Everything (every mime type supported by wordpress)

application/pdf,text/plain,text/csv,text/tab-separated-values,text/calendar,text/css,text/html,text/richtext,application/rtf,application/vnd.openxmlformats-officedocument.wordprocessingml.document,application/vnd.ms-word.document.macroEnabled.12,application/vnd.openxmlformats-officedocument.wordprocessingml.template,application/vnd.ms-word.template.macroEnabled.12,application/vnd.oasis.opendocument.text,application/vnd.openxmlformats-officedocument.spreadsheetml.sheet,application/vnd.ms-excel.sheet.macroEnabled.12,application/vnd.ms-excel.sheet.binary.macroEnabled.12,application/vnd.openxmlformats-officedocument.spreadsheetml.template,application/vnd.ms-excel.template.macroEnabled.12,application/vnd.ms-excel.addin.macroEnabled.12,application/vnd.oasis.opendocument.spreadsheet,application/vnd.oasis.opendocument.chart,application/vnd.oasis.opendocument.database,application/vnd.oasis.opendocument.formula,application/vnd.ms-powerpoint,application/vnd.openxmlformats-officedocument.presentationml.presentation,application/vnd.ms-powerpoint.presentation.macroEnabled.12,application/vnd.openxmlformats-officedocument.presentationml.slideshow,application/vnd.ms-powerpoint.slideshow.macroEnabled.12,application/vnd.openxmlformats-officedocument.presentationml.template,application/vnd.ms-powerpoint.template.macroEnabled.12,application/vnd.ms-powerpoint.addin.macroEnabled.12,application/vnd.openxmlformats-officedocument.presentationml.slide,application/vnd.ms-powerpoint.slide.macroEnabled.12,application/vnd.oasis.opendocument.presentation,application/vnd.oasis.opendocument.graphics,image/jpeg,image/gif,image/png,image/bmp,image/tiff,image/x-icon,video/x-ms-asf,video/x-ms-wmv,video/x-ms-wmx,video/x-ms-wm,video/avi,video/divx,video/x-flv,video/quicktime,video/mpeg,video/mp4,video/ogg,video/webm,video/x-matroska,application/wordperfect,application/vnd.apple.keynote,application/vnd.apple.numbers,application/vnd.apple.pages

Enabling file content indexing

After entering the desired mime types, the the file content indexing options will unlock (based on which mime types are entered)

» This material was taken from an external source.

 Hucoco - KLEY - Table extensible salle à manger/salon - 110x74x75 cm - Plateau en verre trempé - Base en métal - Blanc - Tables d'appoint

Click on the On/Off buttons to switch which file type contents should be indexed.

After entering the mime types, the corresponding options are unlocked

Save and Index

After choosing all the desired options, it is time to Save the configuration on the bottom of the page, and then generating the index.

Save the options
Scroll back up, and click the Create new index button, then wait

Step 2 - Search instance configuration

We are almost done, now the desired search instance needs to be configured to use the index table for attachments. If you have not created a search instance yet, make sure to do it first.

On the search instance options, go to the General Options -> Attachments panel. After doing so, change the first two options:

  • Search engine for attachments: Index table engine

  • Return attachments as results: ON

Selecting the Index table for attachments, and enabling attachments as results.

Save the options, and it is done. The search should return attachments based on their content now.